The videos end with investment bankers heading out for a typical after-work activity – drinking beer and playing ping pong.

Ethics and Business

April 19, 2010

In the wake of the latest Goldman Sachs scandal, Gordon Brown has accused them of “moral bankruptcy”.

But polticians would be well advised to see to it that they also actually operate under an ethics code of their own.

Milton Friedman, Peter Drucker and others must bear their share of the responsibility for having propagated the view that corporations should only be concerned with the profit they deliver to shareholders. They have – maybe inadvertently – supported the view that humans in a corporate setting can and should abdicate their own ethical codes. The Wall Street Journal has even declared from on high that ethics cannot be learned and ethics courses are irrelevant to business. Utter rubbish of course, but even the “newspapers of record” such as the New York Times or The Times or Der Spiegel or the Wall Street Journal have lost their famed objectivity and have become political advocacy channels. It is such high-profile and basically amoral views which have been greatly responsible for providing a cloak of respectability for the attitude that:

  1. Corporations have no business to concern themselves with ethics, and
  2. Even if ethics is important then compliance with law is a sufficient substitute for having a code of ethics, and
  3. If an action is seen to be compliant with laws then this is sufficient.

Large corporations, ably assisted by the Big Four auditing firms, have fine-tuned the processes and documentation needed to show compliance. After Siemens experienced their scandals in 2007, anti-corruption training courses were held compulsorily throughout the company – mainly to assist in the negotiations with the SEC and minimise the extent of the inevitable fine. The training courses were conducted by staff from KPMG and I was disappointed but not surprised that the trainers either did not have the intellectual capacity to see – or perhaps did not want to see – the distinction between corruption and non-compliance.

There is no excuse for corporations to abdicate from ethical responsibility and satisfy themselves with the appearance of compliance. By taking the position that unacceptable behaviour is only that which is non-compliant they have, of course, also defined everything else that can be done as being acceptable.
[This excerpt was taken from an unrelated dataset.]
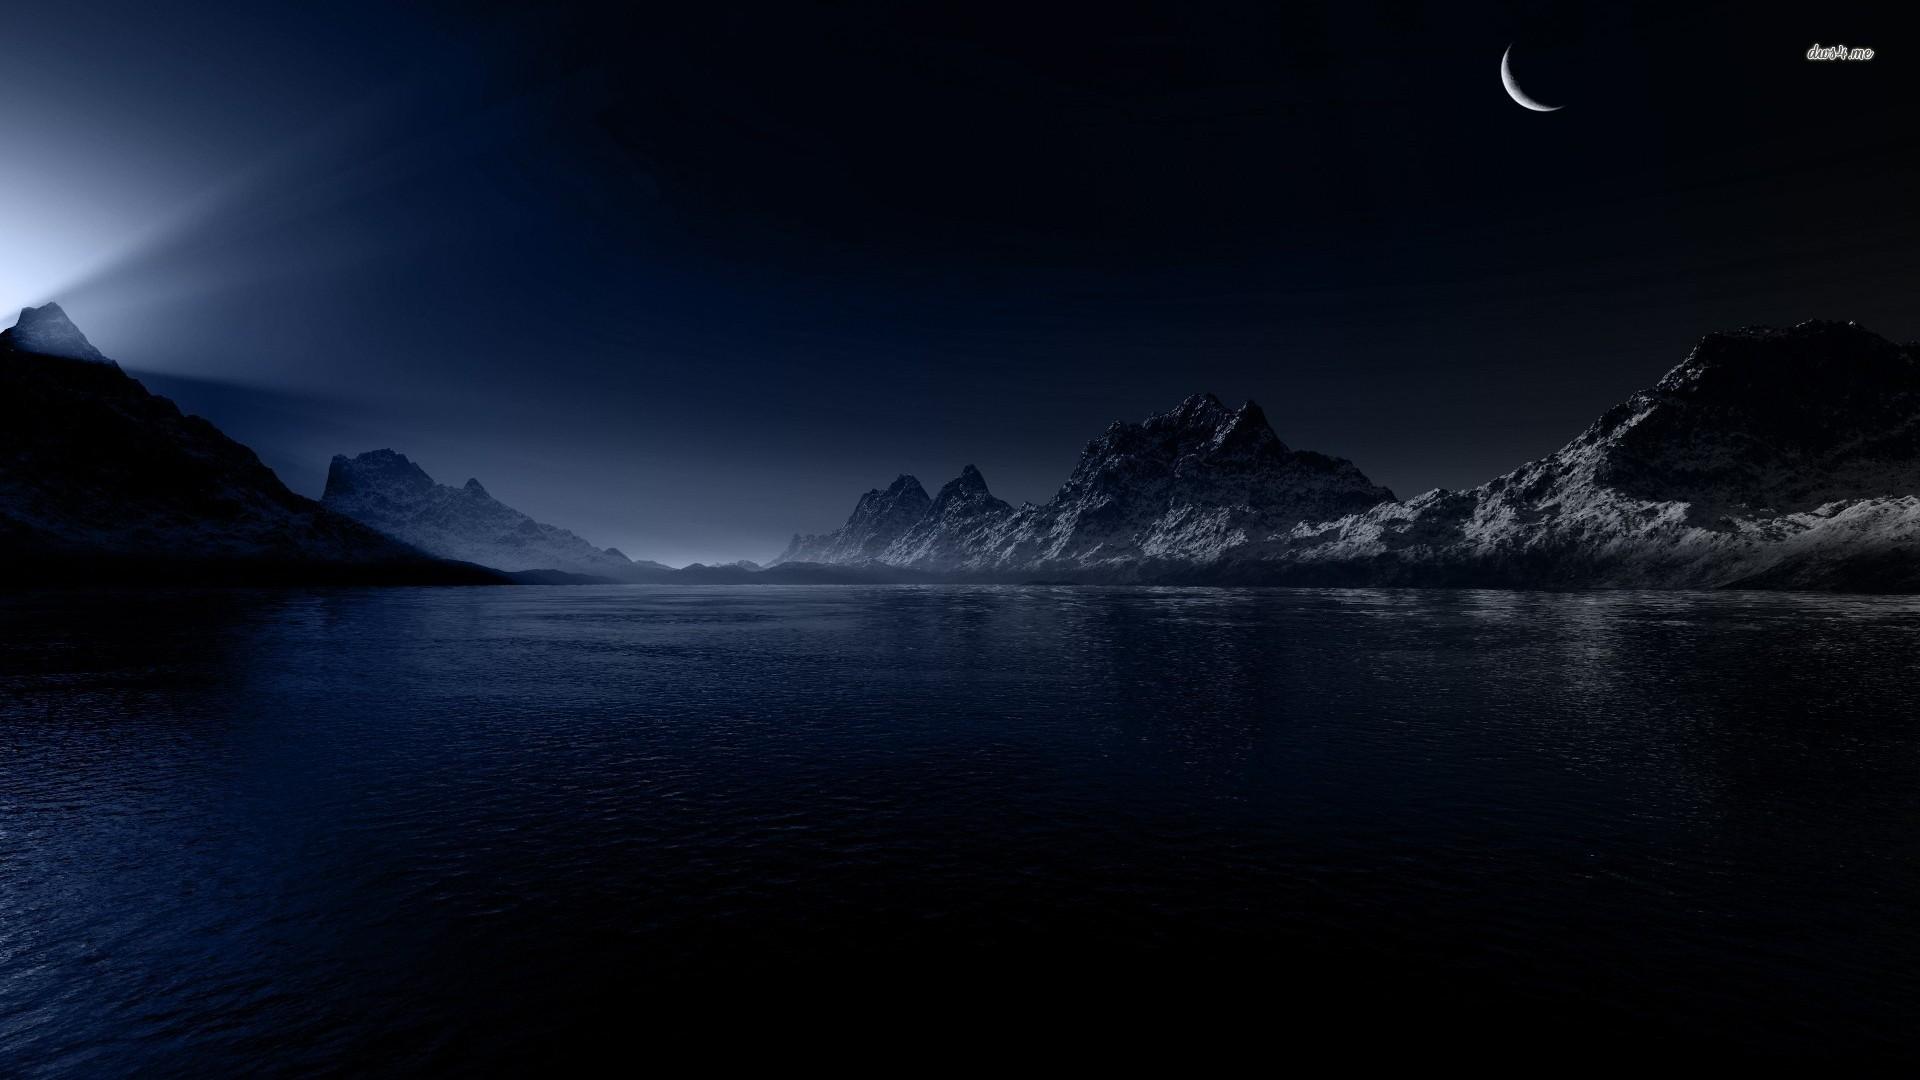 Dark Mountain HD Download

But it does not stop with just the officers of the corporation. It extends to ownership. Normally an owner is expected to take some responsibility for his property. But yet, no shareholder is really willing or able or required to take his share of the responsibility for the ethical conduct of a corporation he partially owns. And this is so even though the shareholder, as an individual, may well have an admirable code of ethics of his own.

The financial world has been particularly aggressive in promoting the notion that ethics has no place in business, and only the limits set by law have been acknowledged  and accepted as constraints on behaviour. Since law is retrospective this has allowed the creation of strange and wonderful financial and trading products in areas where the law has been silent and lawmakers have not yet written any laws. In such areas, where there is also an absence of any guidance from any ethical code, financial bubbles and dubious practices have grown unfettered by any constraints.
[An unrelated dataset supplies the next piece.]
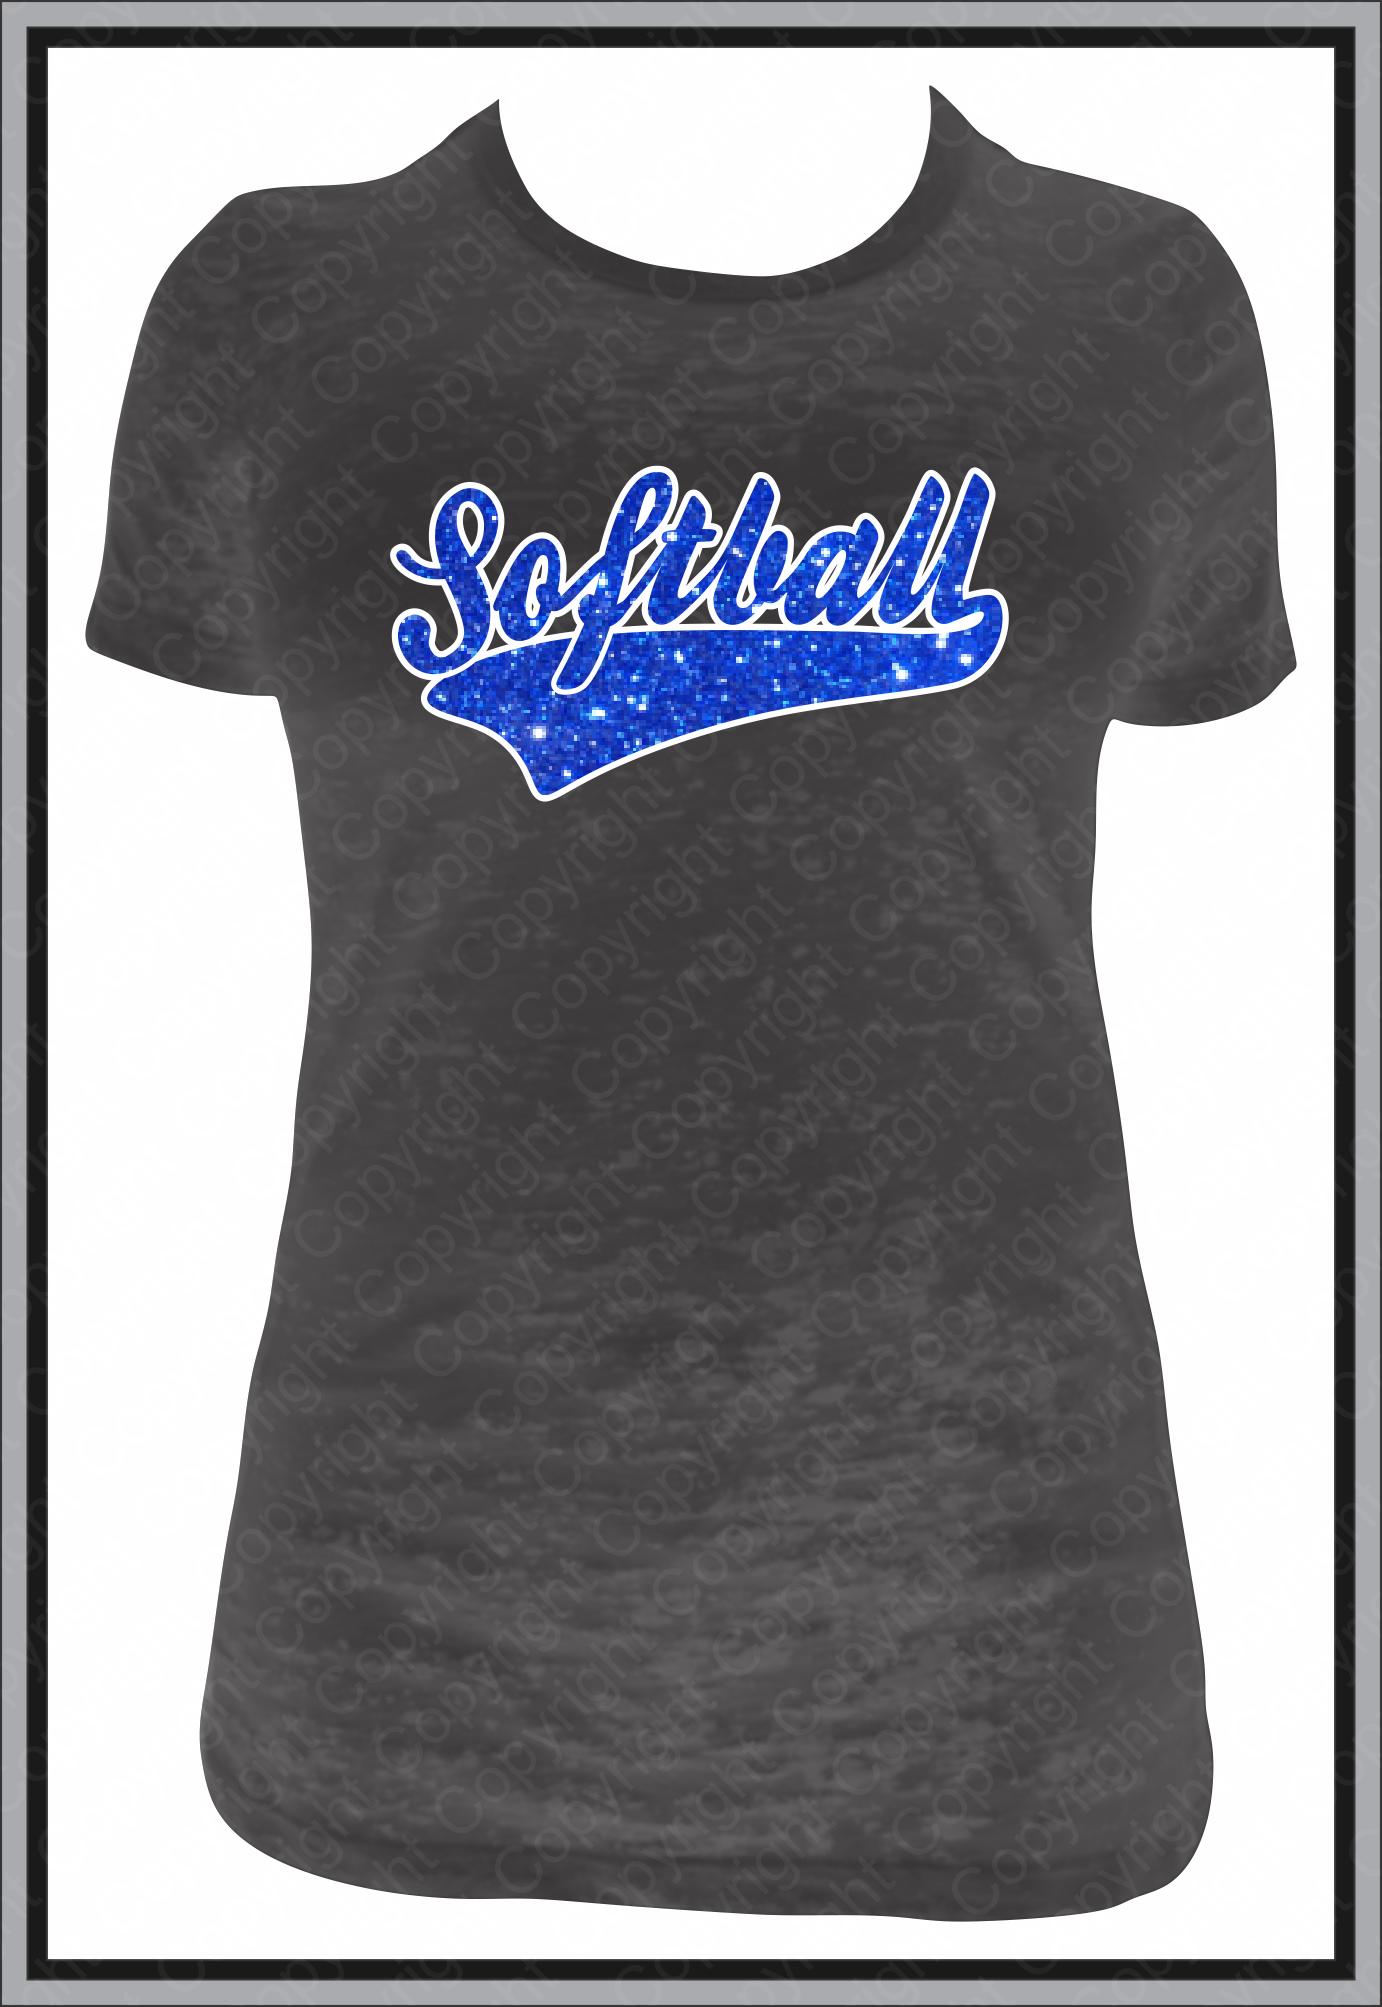 TRW Softball Tail 2 mock.png

In my view, an organisation cannot isolate itself from the social environment it is surrounded by. It must have an explicit view of its own integrity and therefore of its own ethical code. Merely being compliant with law is insufficient. The owners must be party to this. It is time to bring these into the main-stream of management and into the fundamental vocabulary of a manager. Not for the sake of public relations or for avoiding criticism but because it is the right thing to do.